I wish I were smarter. The change in the exchange rate....I don't see how that affects the price of lettuce down at the corner market. If someone outside the country needs pesos to purchase this lettuce.....he will pay more for the pesos.....but the owner of the store on the corner....he does not know or care about the conversion rate. And the other guy I know, Argentinian, who buys dollars to save with.....how much of a premium he will pay over the official rate, that is a function of the availability of dollars with this government....and nothing else. There is no formula to know the premium of the blue peso....period. Is there any reason to feel safer in the local currency? not yet. Will it ever be safer than now....that is just a prayer at this point. So to me...that new official conversion rate....doesn't change anything until there might be some kind of change in demand for dollars. The local price of the lettuce is the same today as it was yesterday and will be tomorrow.

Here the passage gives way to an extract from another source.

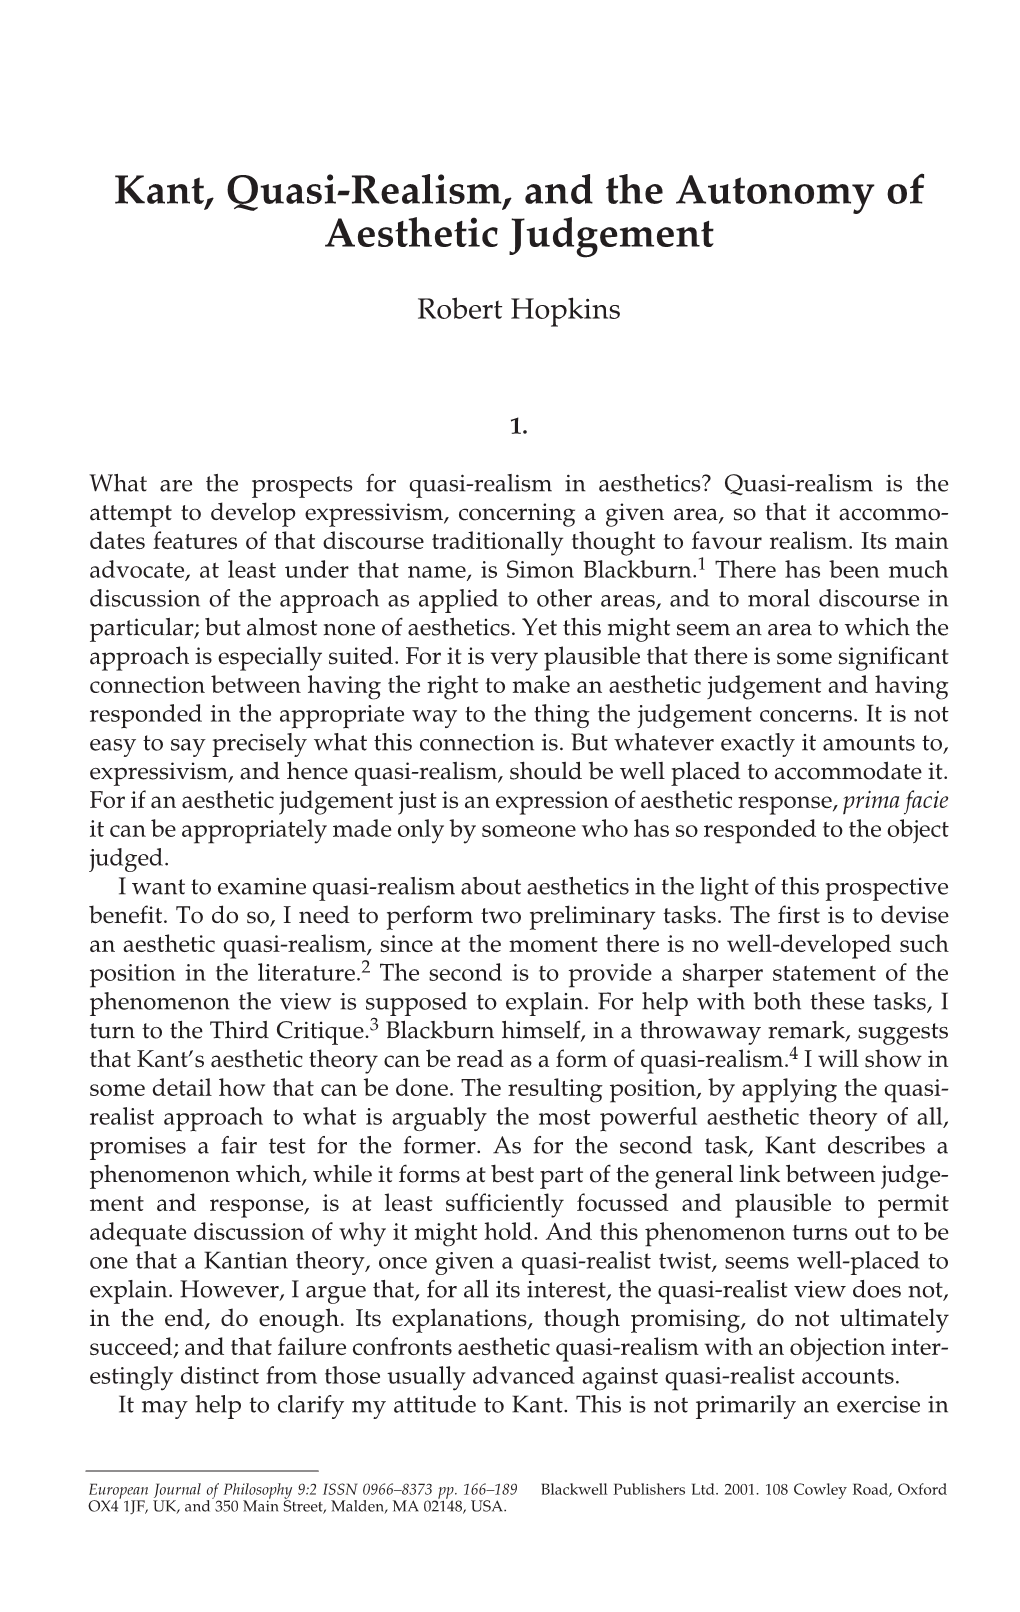 Kant, Quasi-Realism, and the Autonomy of Aesthetic Judgment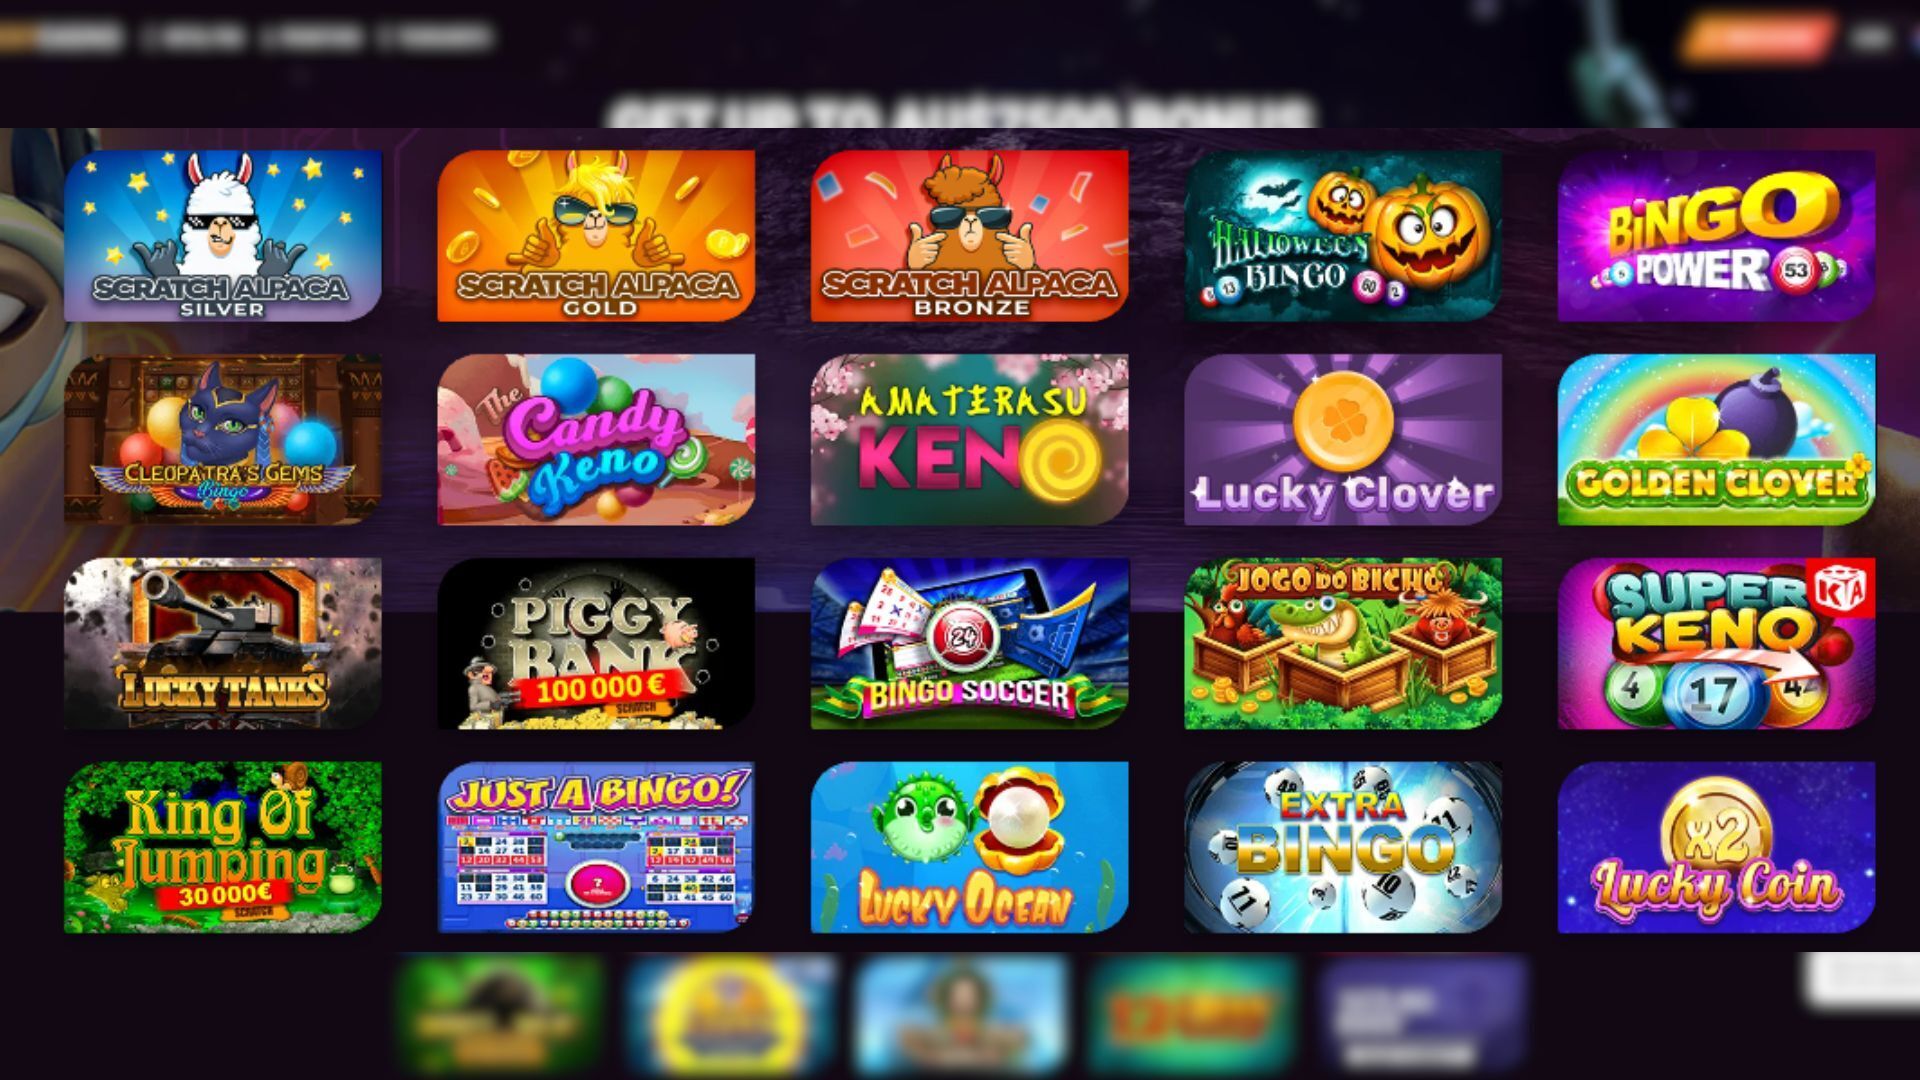 This is a screenshot of the Specialty Games at Ricky Casino in Australia

- There is no formula to know the premium of the blue peso
The Blue, MEP, Dolar Cripto, CCL, etc are all around the same rate because that's the market equilibrium where supply and demand meet for USD/ARS.
- Is there any reason to feel safer in the local currency?
No. The dollar with all it's flaws has proven to be a much better store of value than the peso or almost any other currency.
- The new official conversion rate doesn't change anything
It does change things, just one example is that imports are essentially subsidized by the central bank when the official rate is lower. You say well lettuce isn't imported, true, but some of the inputs of the production of that lettuce may be imported. This is a hypothetical example, but maybe the fertilizer to grow the lettuce is imported, the machinery and it's parts are imported, the pesticides, etc.
Then you have subsidies being removed for energy, gasoline, etc and the costs for the producer and verdulera have gone up too.
Since everything to produce that lettuce has gone up in cost, you will pay more for it.
The previous government was subsidizing everything to keep prices down, but it has bankrupted the country. Milei's idea is to give the economy shock therapy which is to remove all these measures that were keeping prices artificially low to make the government solvent.
The measures will likely be successful from an economic standpoint, but there may be too much social discontent. That's why one of the measures they announced is to increase welfare payments.
We'll see what happens. Something had to be done.